- **EXERCISE**:
Could you print exactly the lines from the one that contains "Buy Dsquared2 Leather belt online" to the end of the data, both ends included, and nothing else? Skip the pictures.

- **DATA**:
=== Begin Enclosure ===

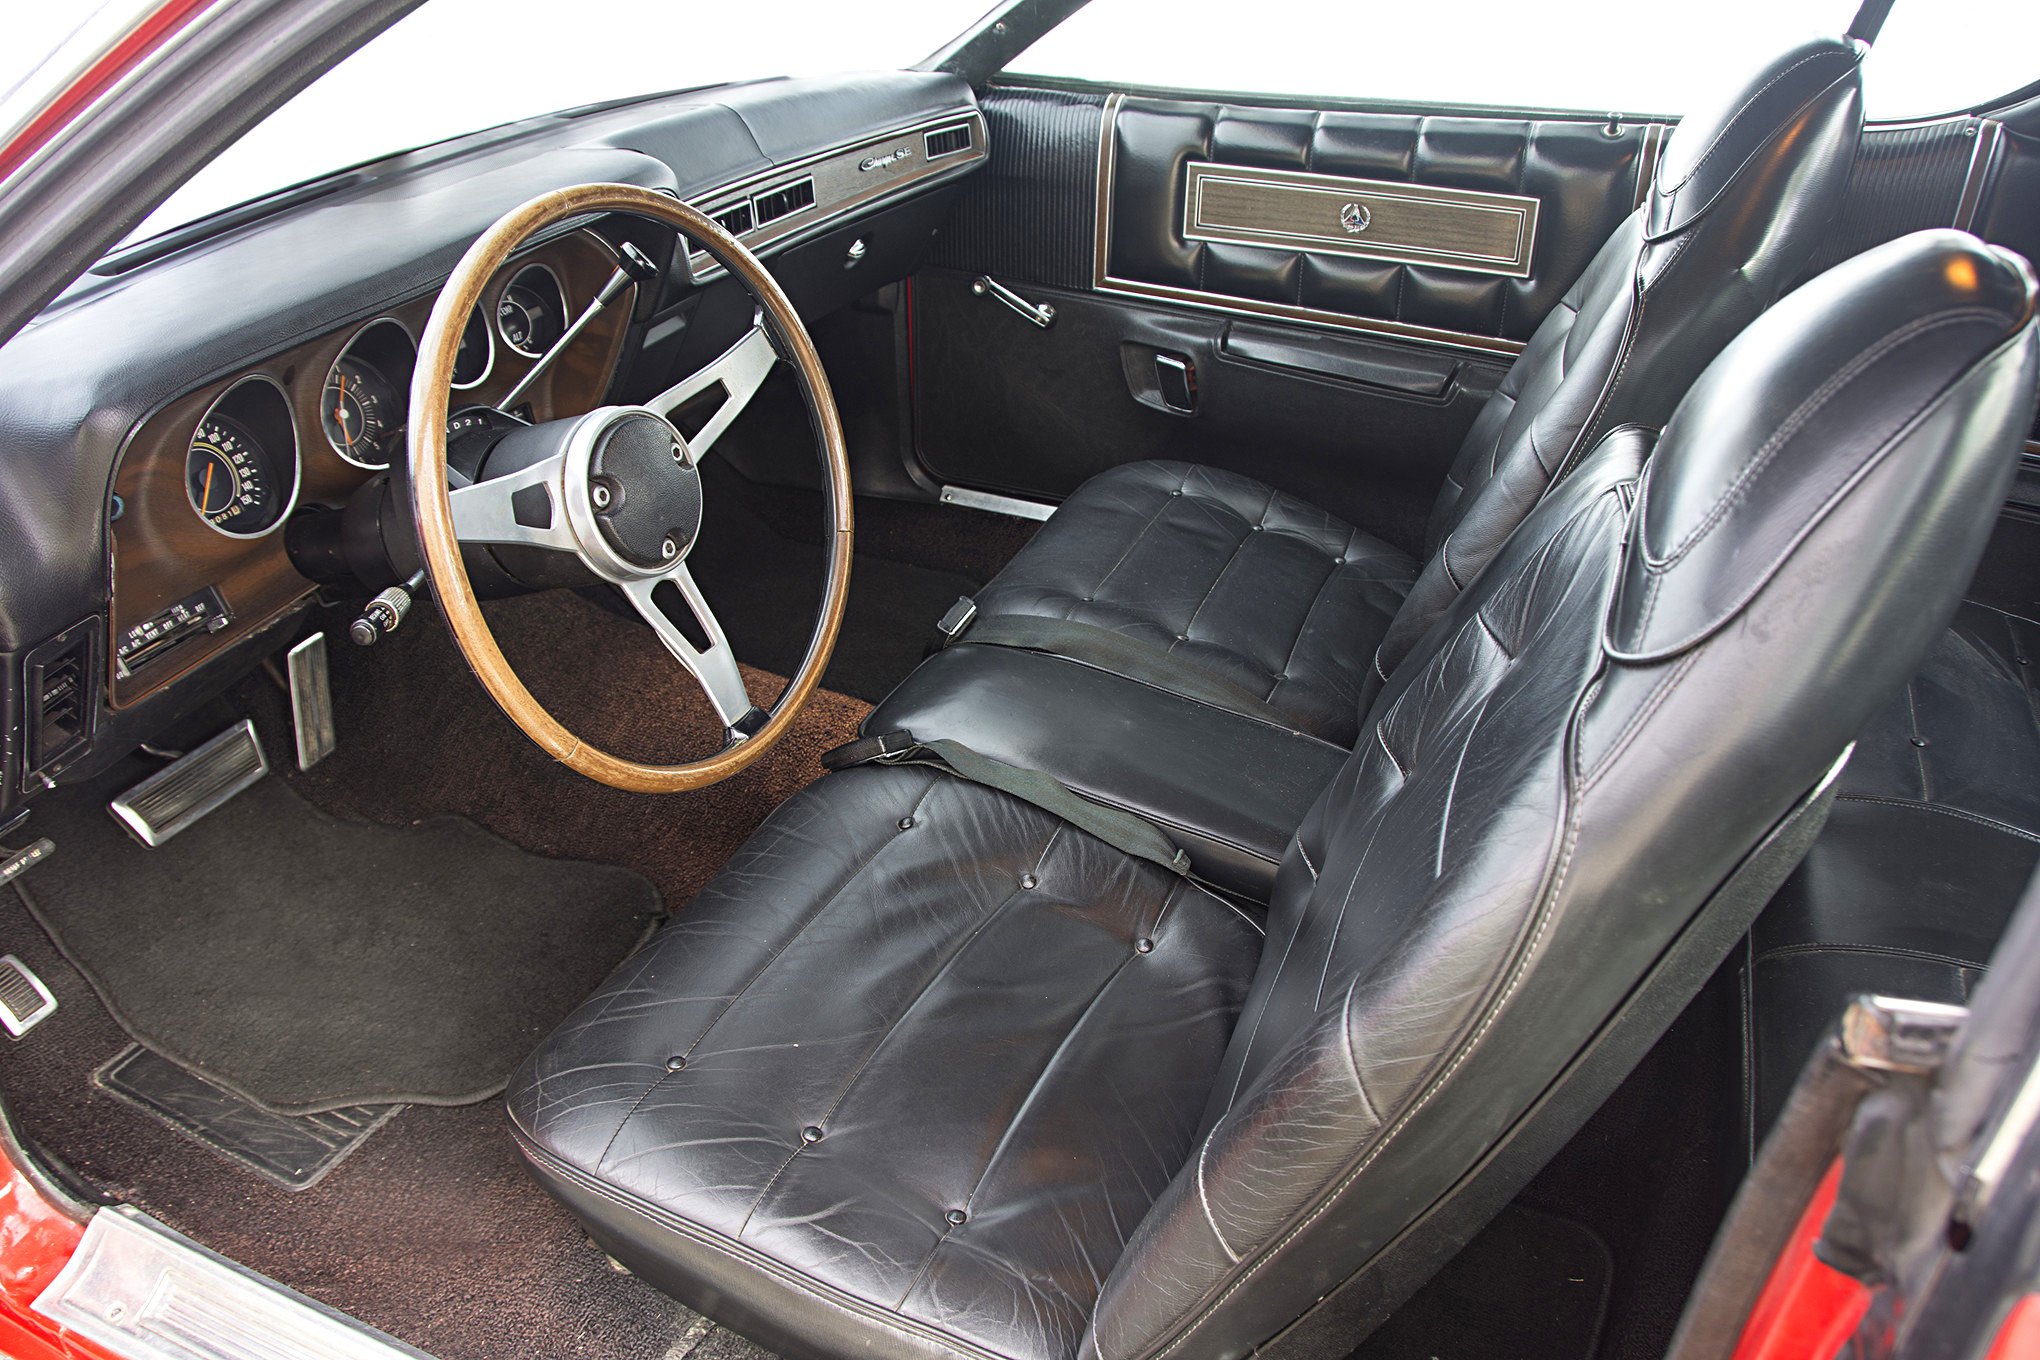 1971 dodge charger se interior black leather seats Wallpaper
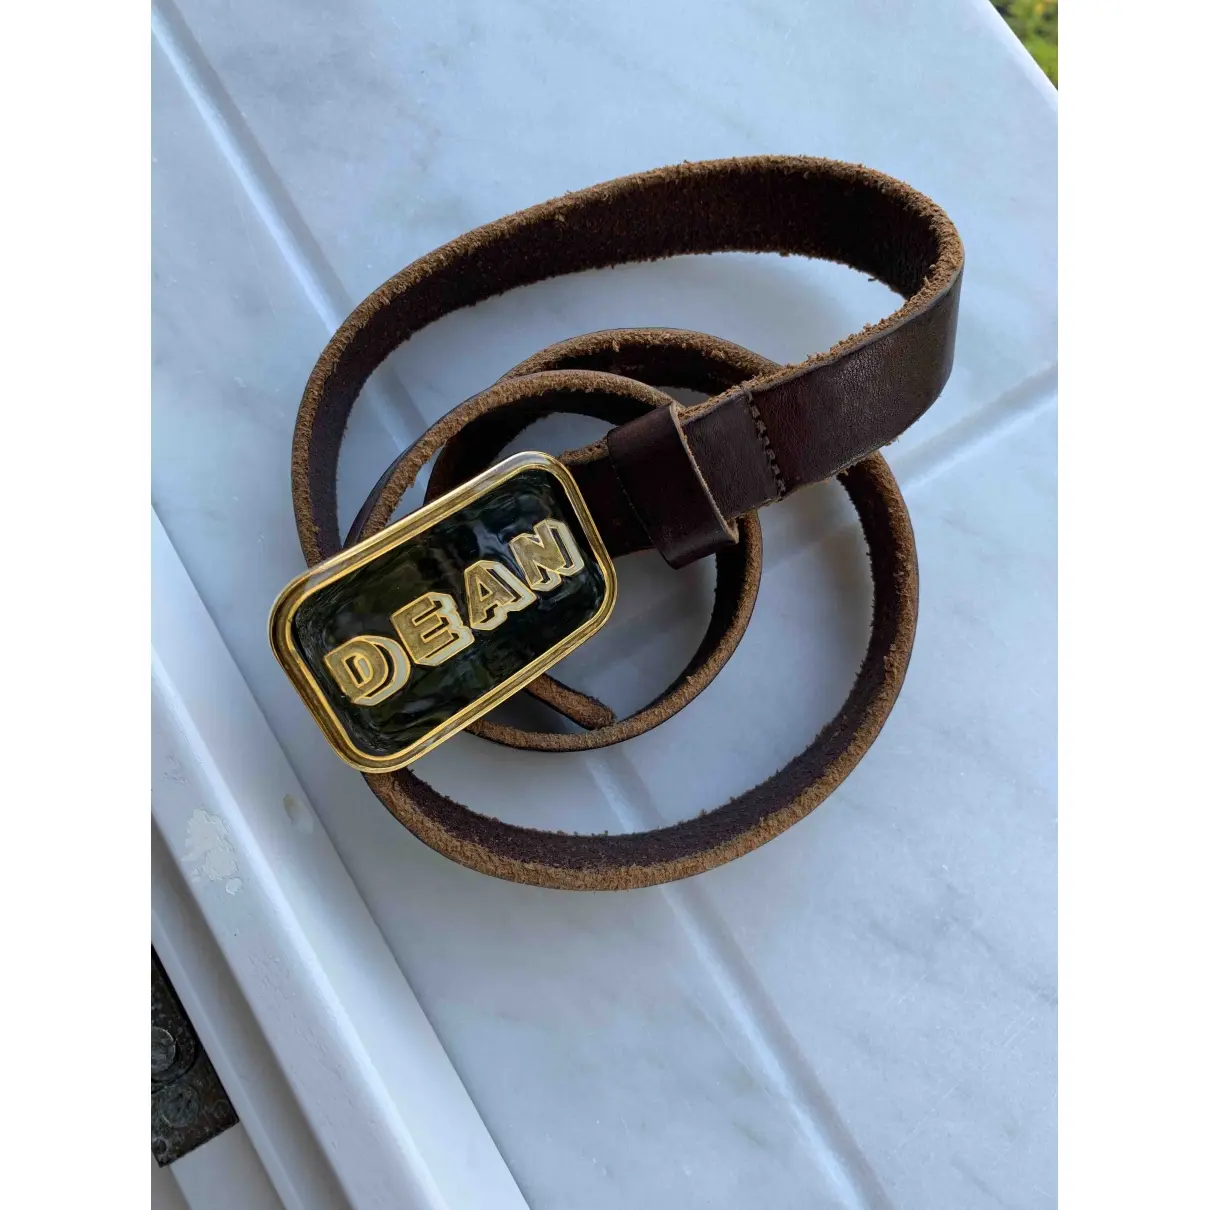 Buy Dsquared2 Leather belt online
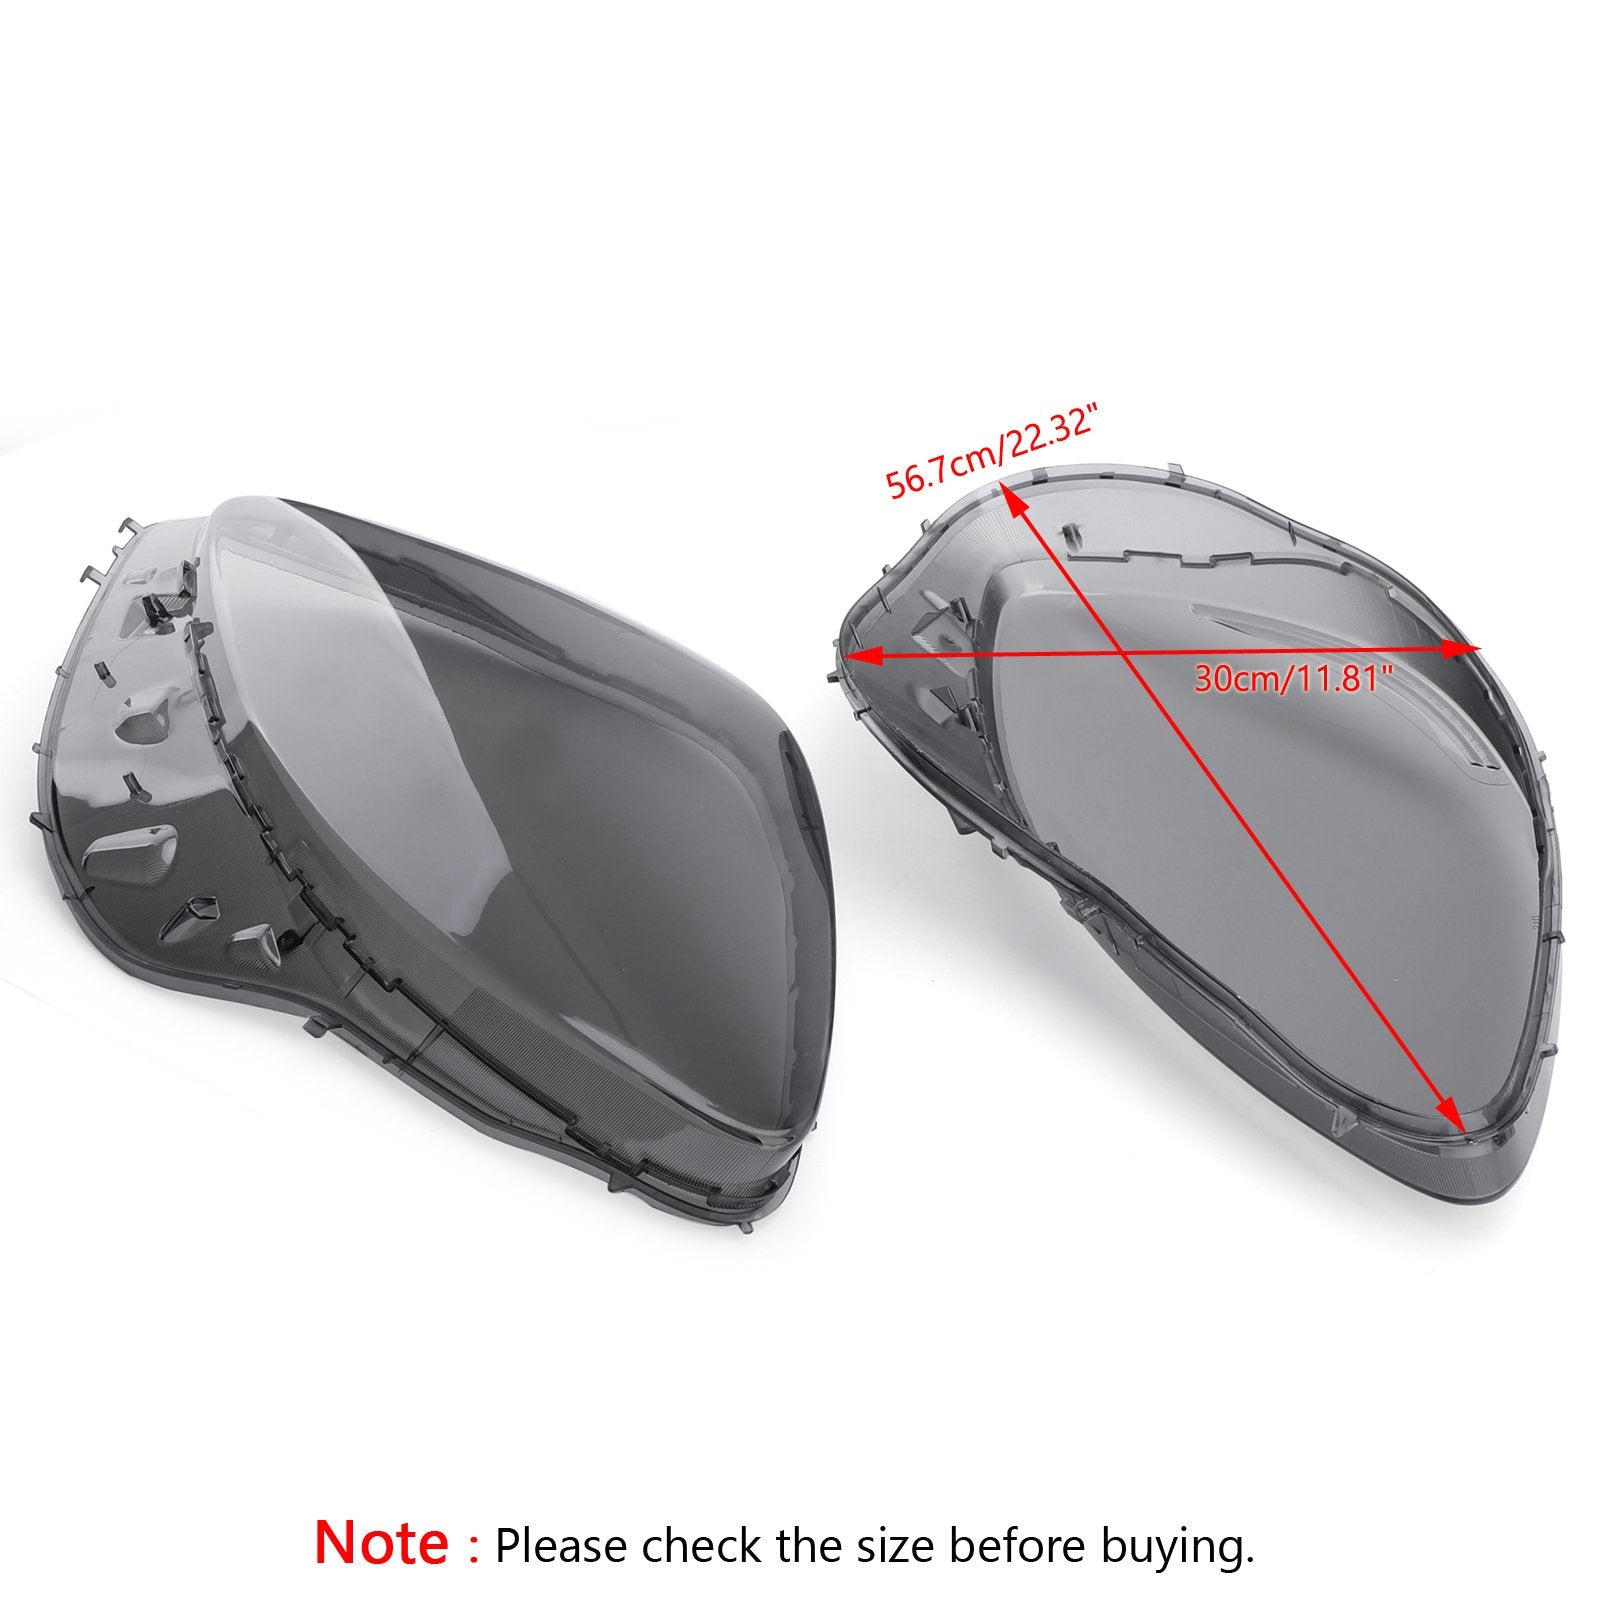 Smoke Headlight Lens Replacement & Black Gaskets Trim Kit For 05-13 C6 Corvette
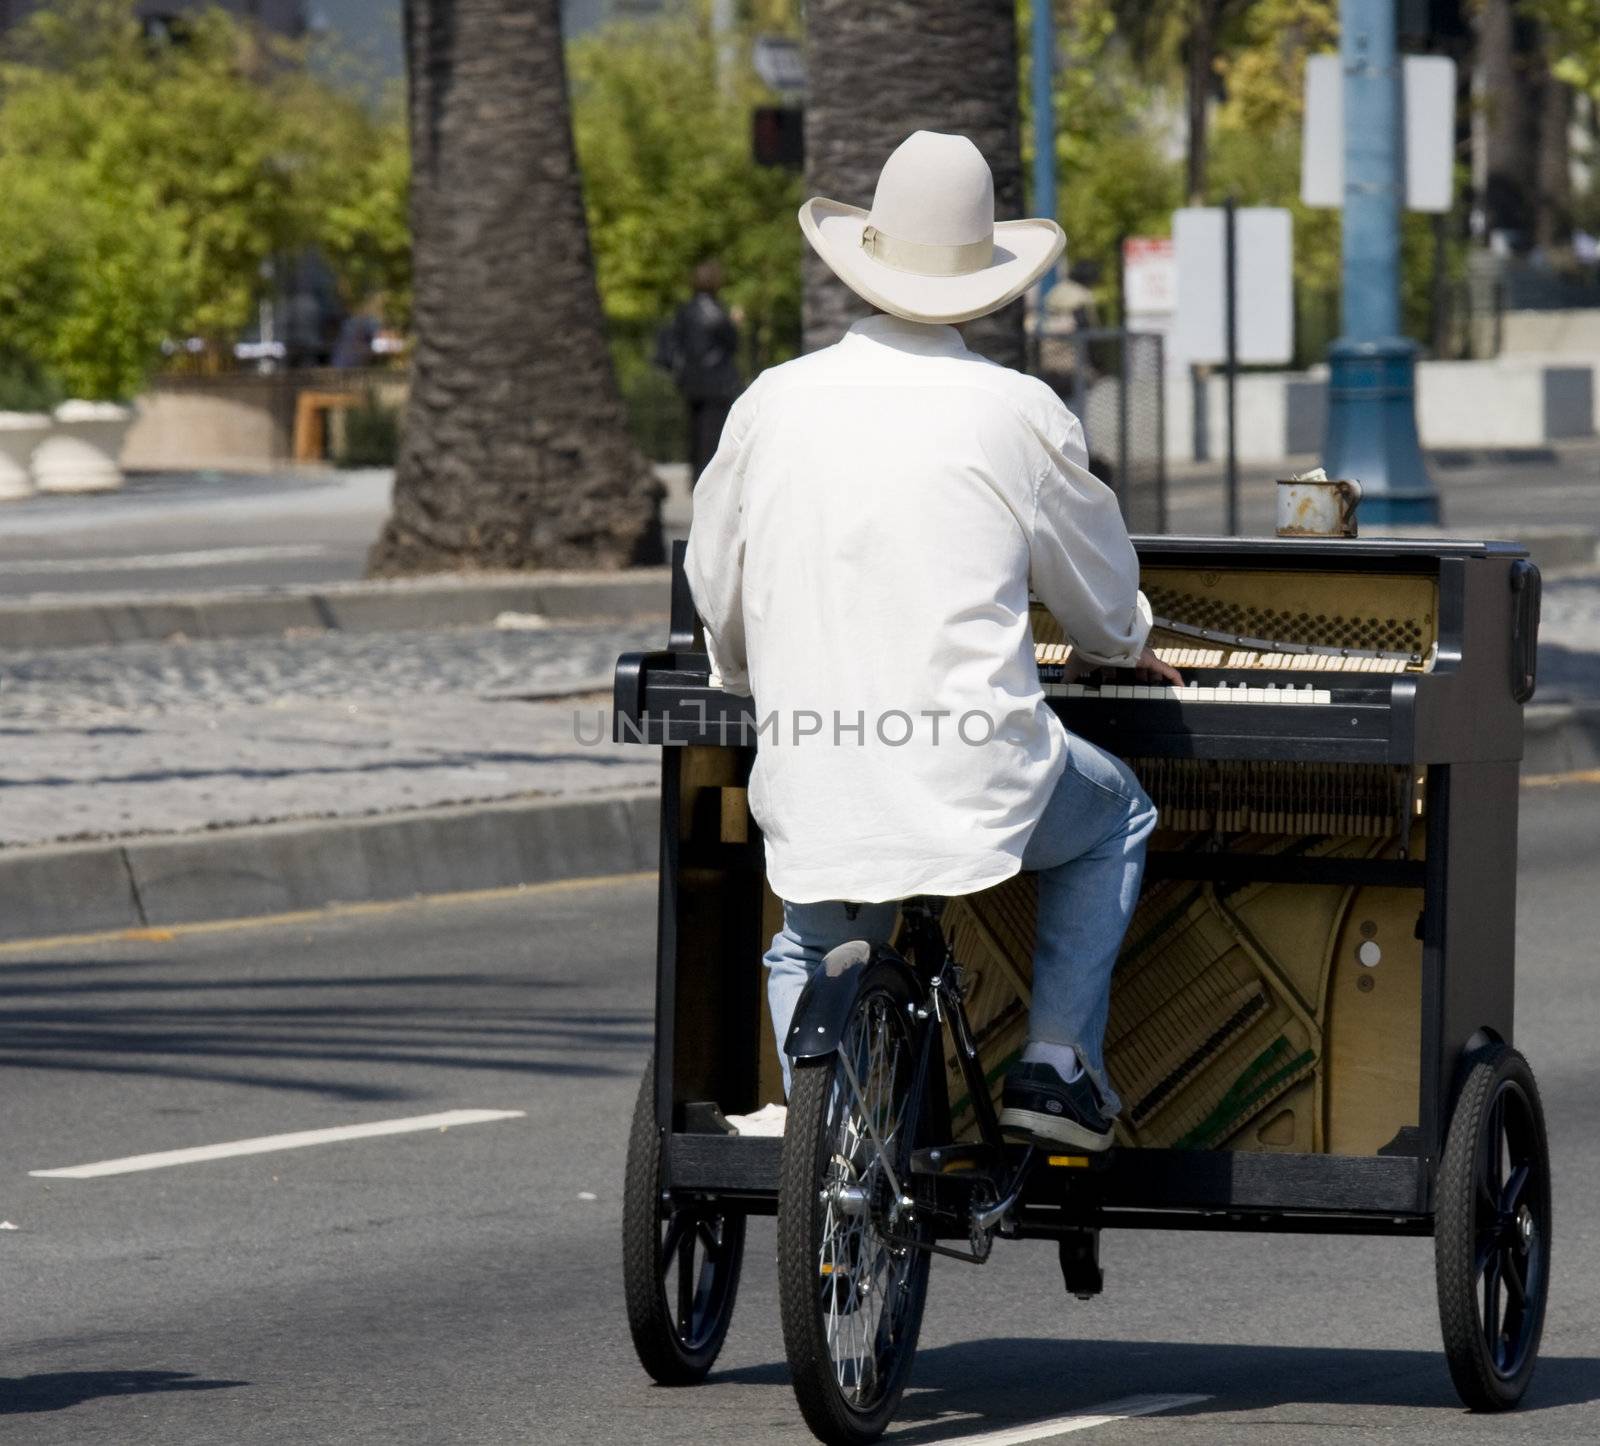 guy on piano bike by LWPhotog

=== End Enclosure ===

- **SOLVED PROBLEM**:
 Buy Dsquared2 Leather belt online
 Smoke Headlight Lens Replacement & Black Gaskets Trim Kit For 05-13 C6 Corvette
 guy on piano bike by LWPhotog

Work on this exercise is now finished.